Они говорили о занятиях и учителях, и Ван сказал: «Мне любопытно знать ваше мнение, Ада и Кордула, по следующему литературному вопросу. Наш профессор французской литературы утверждает, что во всей трактовке любовной связи Марселя и Альбертины имеется серьезный философский, а значит, и художественный изъян. В ней есть смысл лишь при условии, что читатель знает, что рассказчик уранист и что гладкие толстые щеки Альбертины – это гладкие толстые ягодицы Альберта. Но в истории нет никакого проку, если нельзя ожидать и требовать от читателя, чтобы он, желая в полной мере насладиться произведением искусства, хотя бы в общих чертах был осведомлен о постельных предпочтениях автора книги. Мой учитель полагает, что если читатель ничего не знает об извращении Пруста, подробное описание мучений гетеросексуального мужчины, ревниво следящего за гомосексуальной женщиной, покажется ему смехотворным, поскольку нормального мужчину могли бы только позабавить и даже обрадовать сапфические шалости его возлюбленной. Профессор заключает, что роман, который может оценить лишь quelque petite blanchisseuse, разобравшая грязное белье автора, с точки зрения искусства провален».
«Ада, о чем это он толкует? О каком-то итальянском фильме, который он посмотрел?»
«Ван, – устало сказала Ада, – тебе невдомек, что в нашей школе класс глубокого изучения французского углубился в него не далее Ракана и Расина».
«Оставим это», сказал Ван.
«Но ты перебрал Марселя», проворчала Ада.
На вокзале имелась полуприватная чайная, которой заведовала жена станционного смотрителя – под идиотским покровительством школы. В зальце было пусто, только стройная и высокая дама в черном бархате и живописной, тоже черной и бархатной, широкополой шляпе сидела спиной к ним у «тоник-бара». Она так и не повернула головы в их сторону, но у Вана мелькнула мысль, что это, должно быть, тулузская кокотка. Наша промокшая троица заняла уютный угловой столик, с обычным в таких случаях вздохом облегчения расстегнув плащи. Он надеялся, что Ада снимет штормовую шляпу, но она не сняла, потому что остригла волосы, потому что у нее были ужасные мигрени, потому что не хотела, чтобы он видел ее в роли умирающего Ромео.

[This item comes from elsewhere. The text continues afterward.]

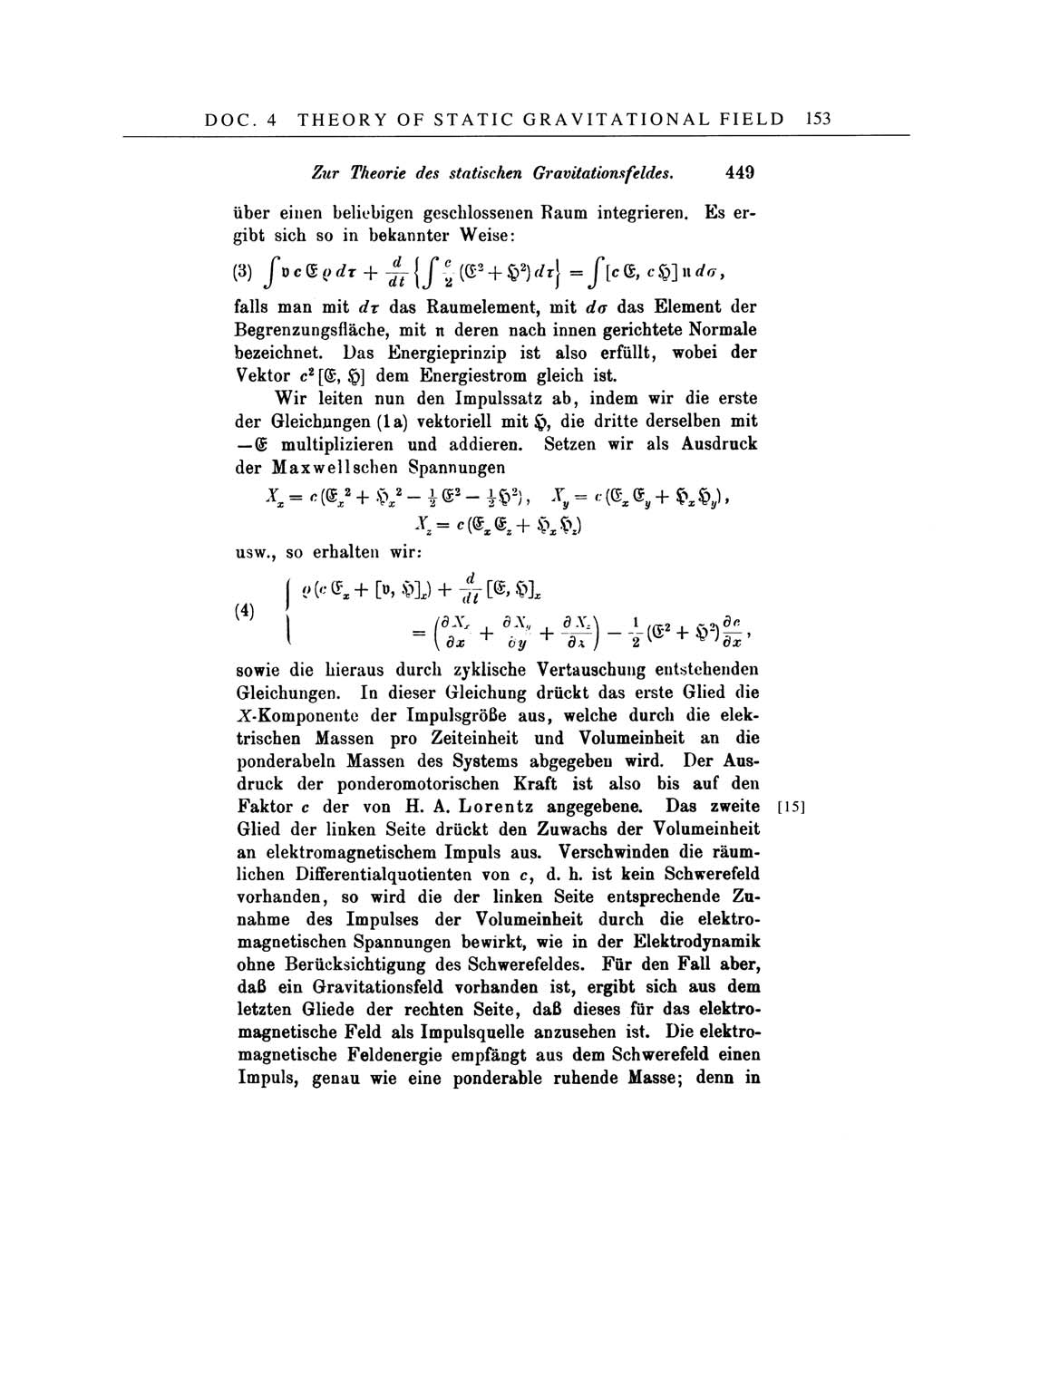 Volume 4: The Swiss Years: Writings 1912-1914 page 153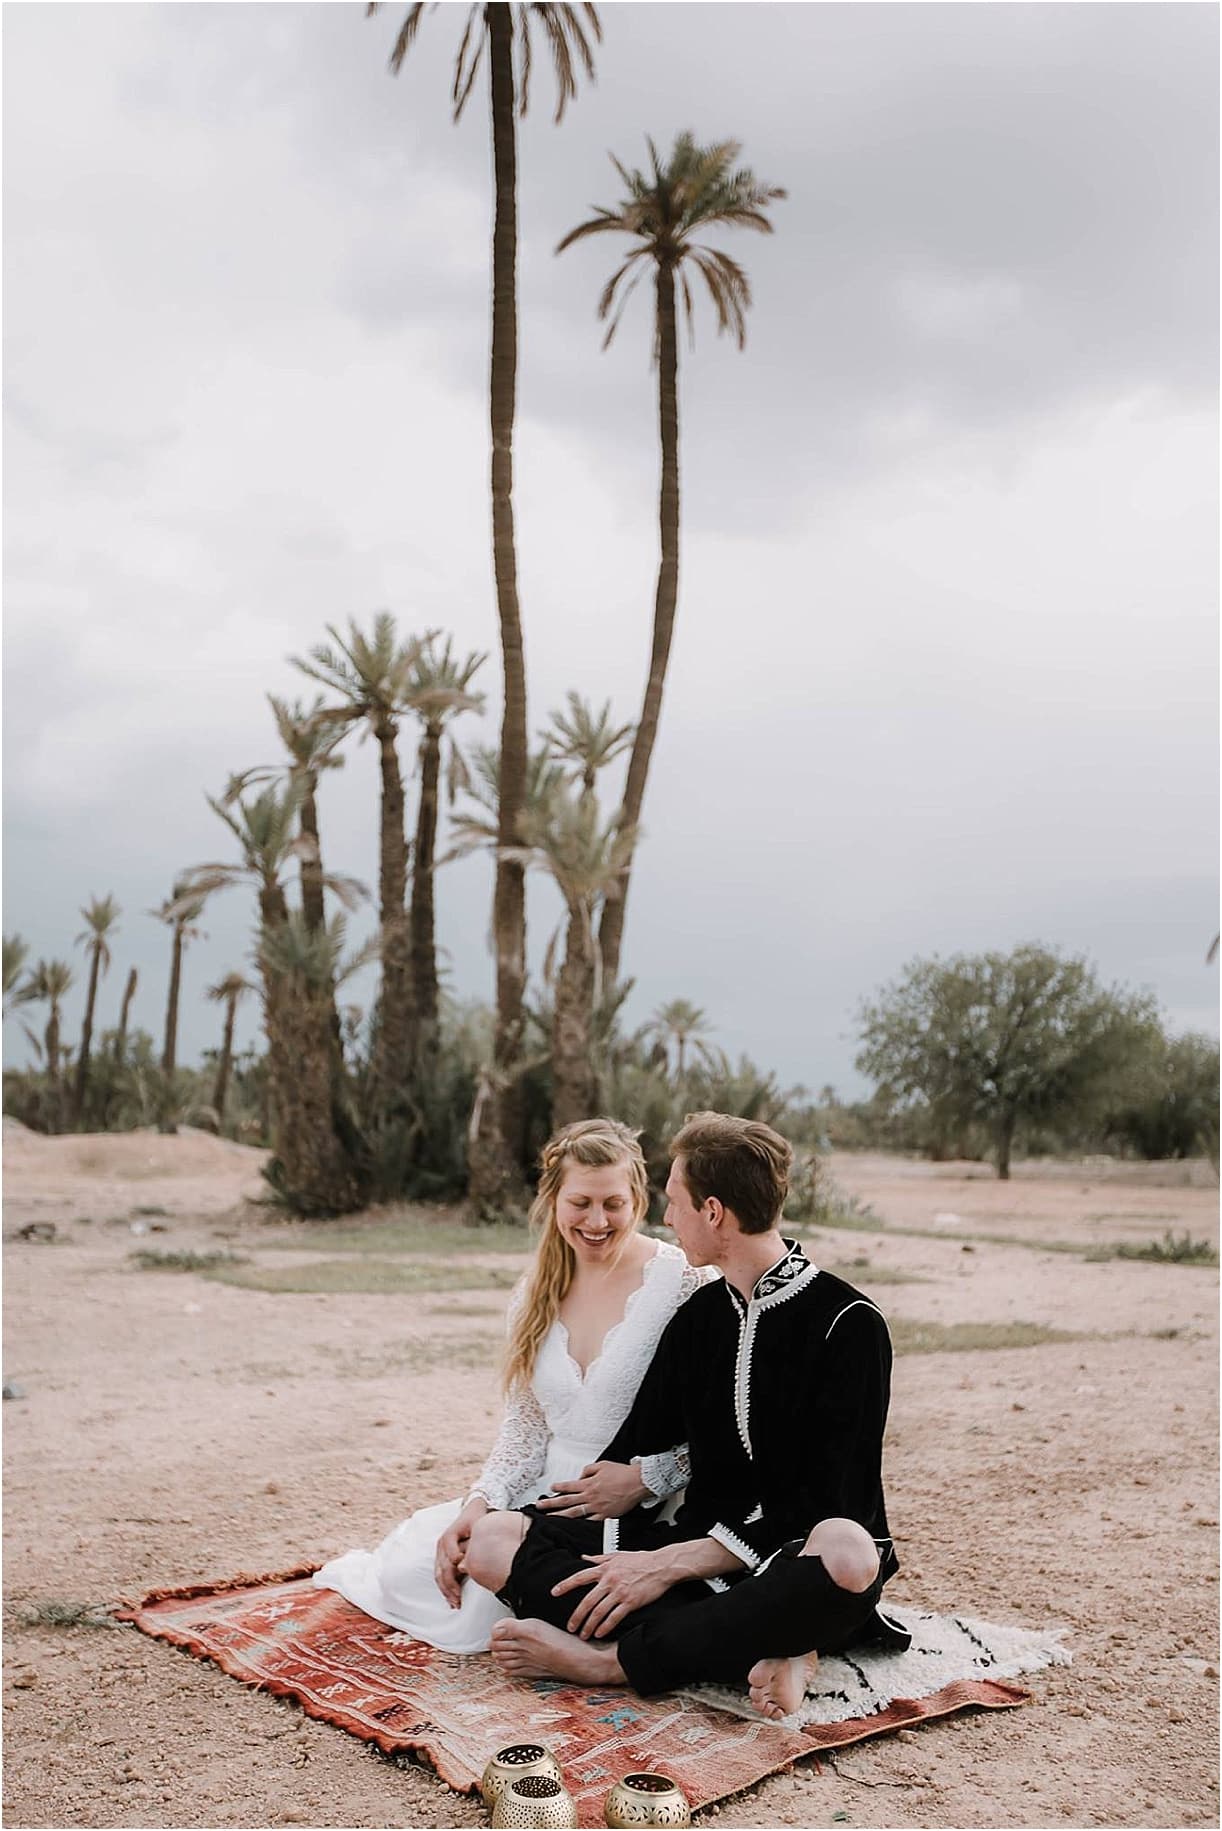 Moroccan Engagement Session in Marrakech, Morocco as seen on Hill City Bride Travel Wedding Blog by Katelyn Victoria E-session Marrakesh

(On fait son grand Joyce, сделав своего petit Proust. Адиной милой рукой.)
(Но читай дальше, это же чистый В. В. Обрати внимание на эту даму! Корявым почерком Вана – писано в постели на бюваре.)
Когда Ада потянулась за сливками, он поймал и внимательно осмотрел ее руку, притворившуюся мертвой. Нам памятна траурница, на мгновенье севшая к нам на ладонь, плотно сложив крылья, и вдруг исчезнувшая. Он с удовлетворением отметил, что ногти ее теперь длинны и остры.
«Не слишком ли они остры, дорогая?», спросил он, намекая на дуру Кордулу, которой следовало бы уйти в уборную – несбыточная мечта.
«Нет, а что?»
«Ты ведь, – продолжил он, не в силах остановиться, – не царапаешь малышей, когда гладишь их? Взгляни-ка на руку твоей подружки (берет ее), посмотри на эти изящные короткие ноготки (невинно-холодная покорная лапка!). Такими не поцарапать и самый тонкий атлас, не правда ли, Ардула, то есть Кордула?»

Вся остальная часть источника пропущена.